Khelil enchaîne en accusant une nouvelle fois la presse au service des intérêts français « de propager des rumeurs » le concernant. L’occasion pour l’ancien homme fort du gouvernement de rappeler quelques « vérités ». « Entre l’Algérie et la France il y’a une relation coloniale mais entre l’Algérie et les État-Unis nous avions toujours eu des liens amicaux », a-t-il asséné. « En critiquant des sociétés française, je n’ai fais que rappeler des vérités », a-t-il ajouté.

Et parmi ces « vérités » figure l’abandon par Total du projet de l’usine de vapocraquage d’éthane à Arzew, près d’Oran, deux ans après la signature de l’accord de partenariat. Il a cité également le cas de la société française Technip qui a abandonné, selon lui, des projets en Algérie. Chakib Khelil laisse entendre que les groupes français bénéficient de protection en Algérie. « Les sociétés françaises ont abandonné des projets sans qu’elles soient obligées de payer un dollar contrairement à Repsol et à Gaz Natural », a déploré Khelil, sans citer les raisons. Et d’enfoncer le clou, en affirmant que « paradoxalement les seuls problèmes enregistrés à l’époque, c’était avec les sociétés françaises ».

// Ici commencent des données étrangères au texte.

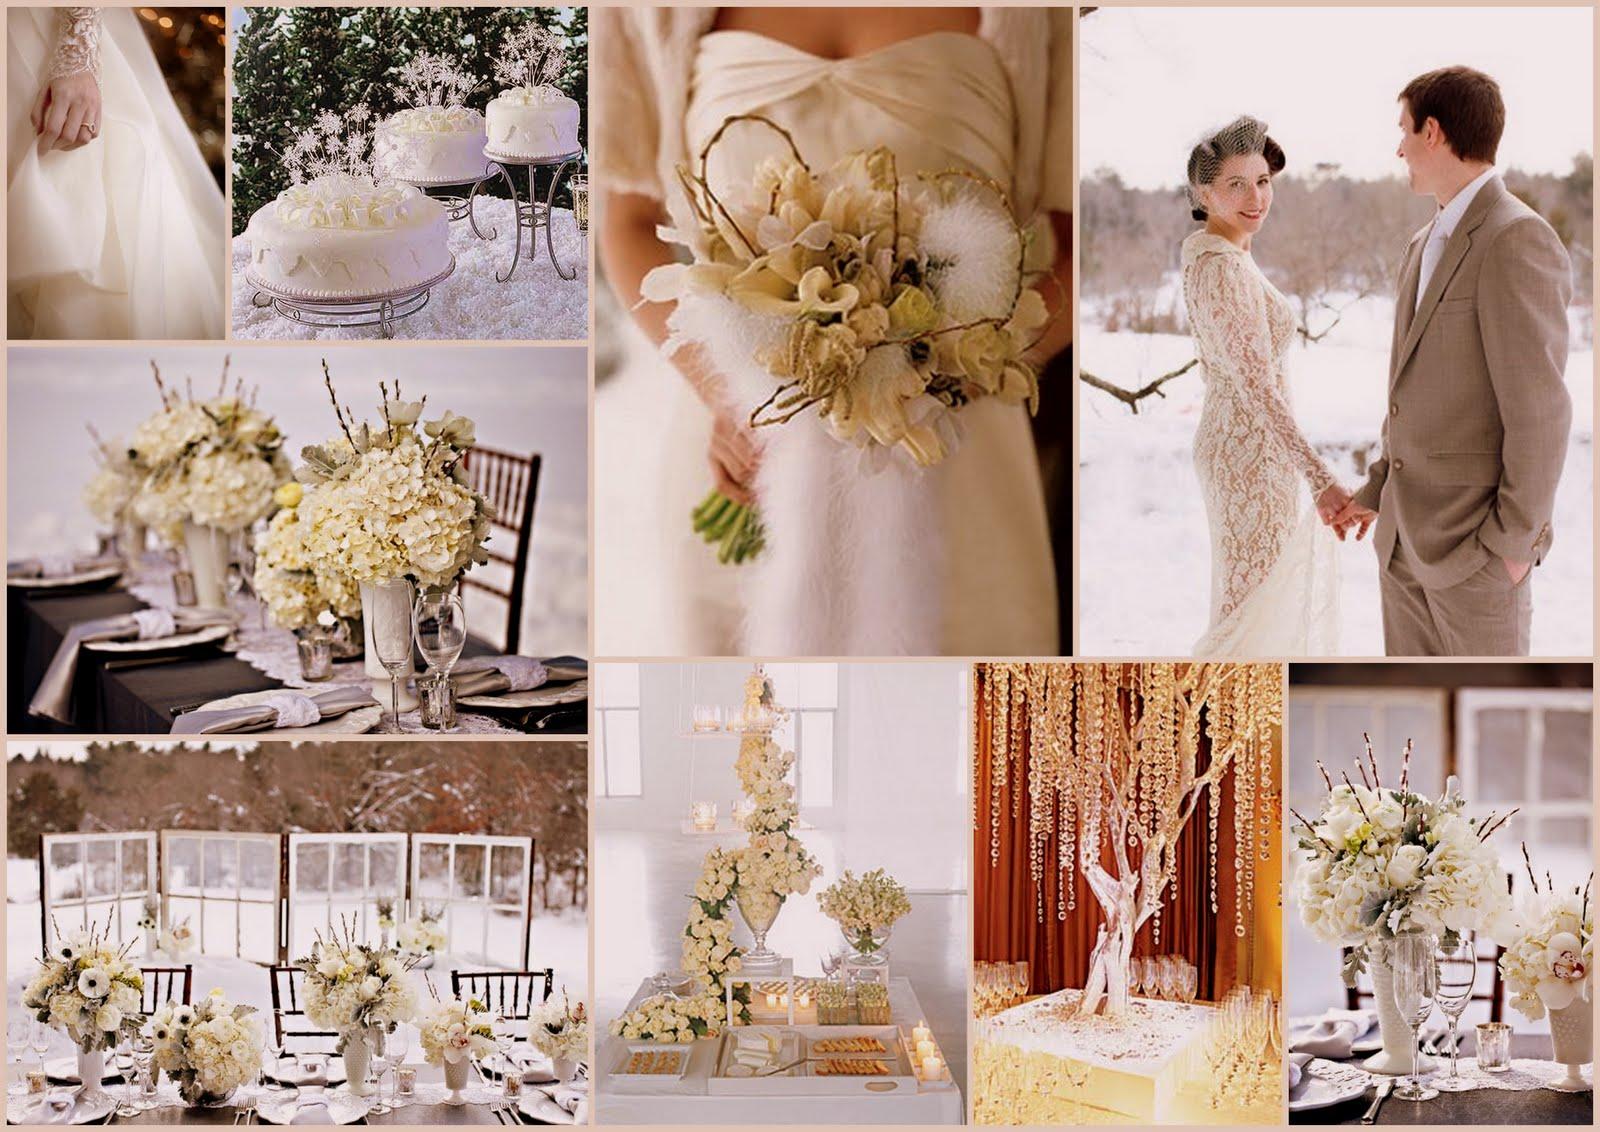 Matrimonio In Wedding : La tua wedding planner matrimonio d inverno
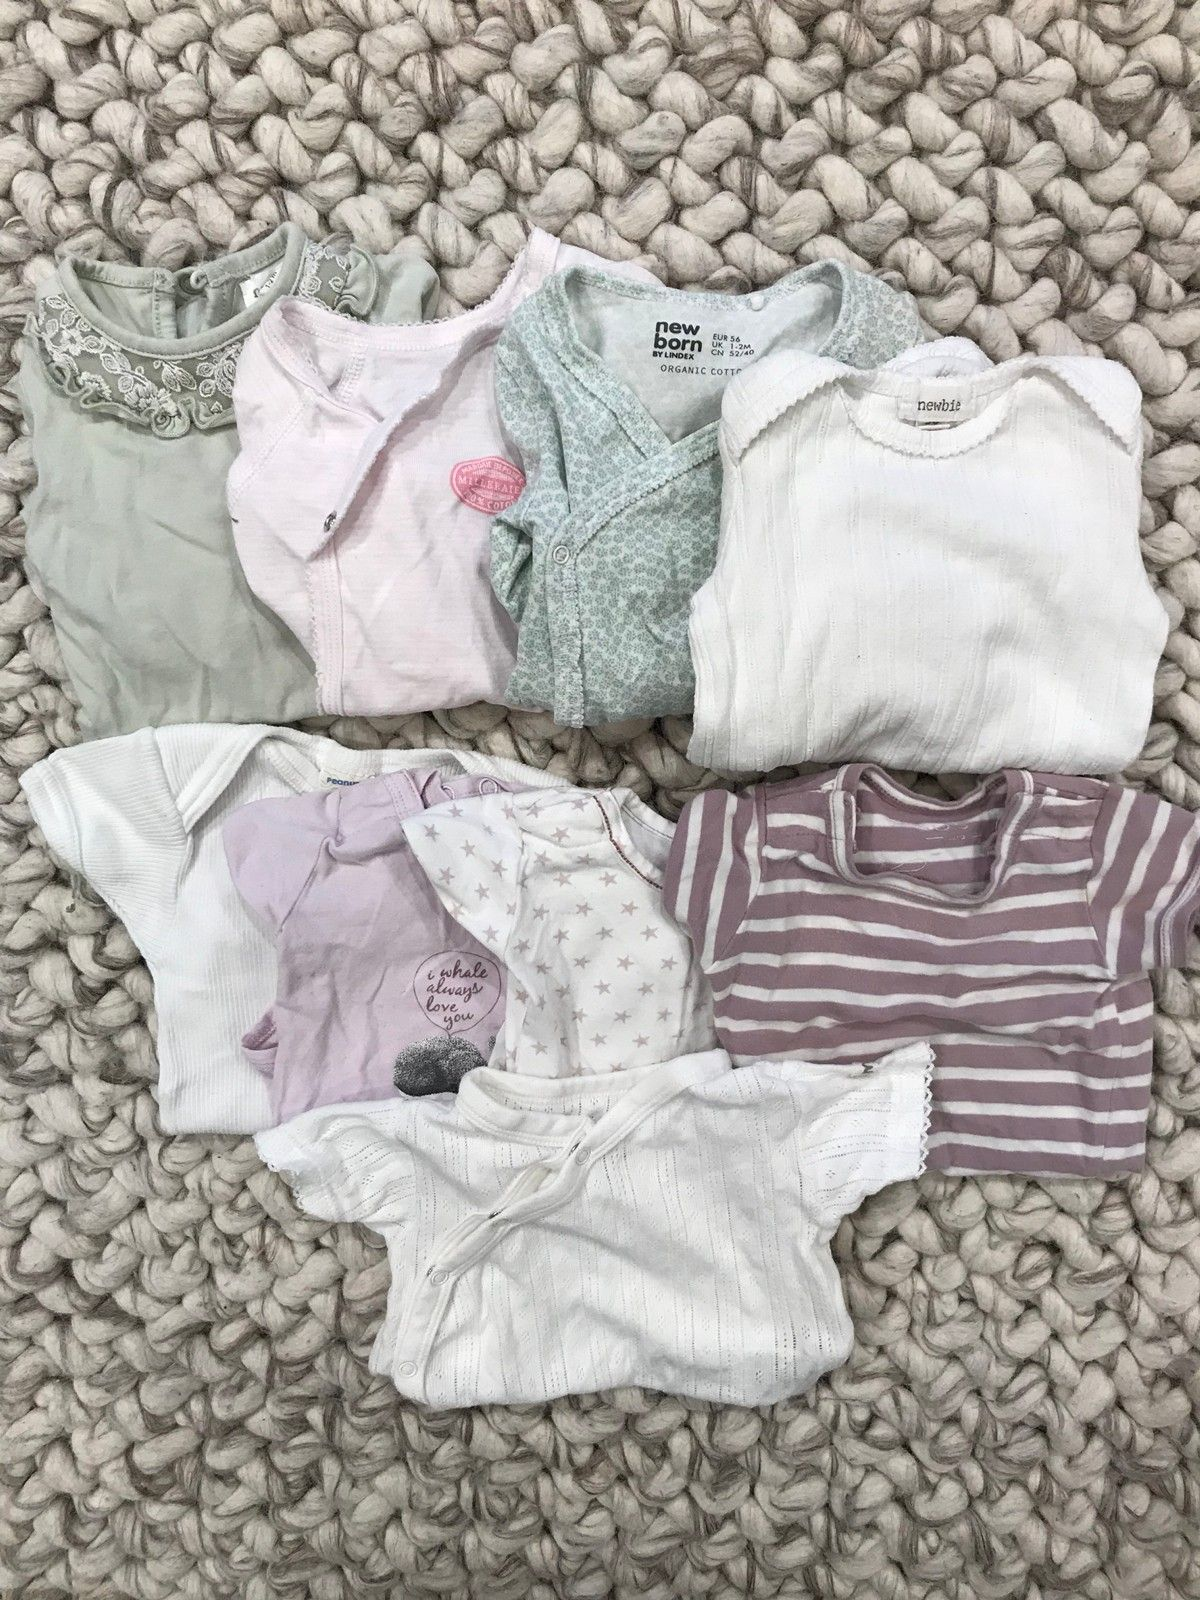 bc0c25b5f Pent brukte jenteklær til baby str 56 selges billig | FINN.no

Poursuivant l’étalage de « vérités », Khelil reproche à la France de soutenir « sans limite » le Maroc sur le dossier du Sahara occidental et la pointe du doigt dans la déstabilisation de la Libye. « On me parle depuis mon arrivée de la France. Moi je crois que les relations entre les pays sont soumises aux intérêts des uns et des autres. Les Français défendent leurs intérêts, et l’Algérie aussi doit faire de même. Je ne comprends pas pourquoi, c’est toujours à moi de perdre ».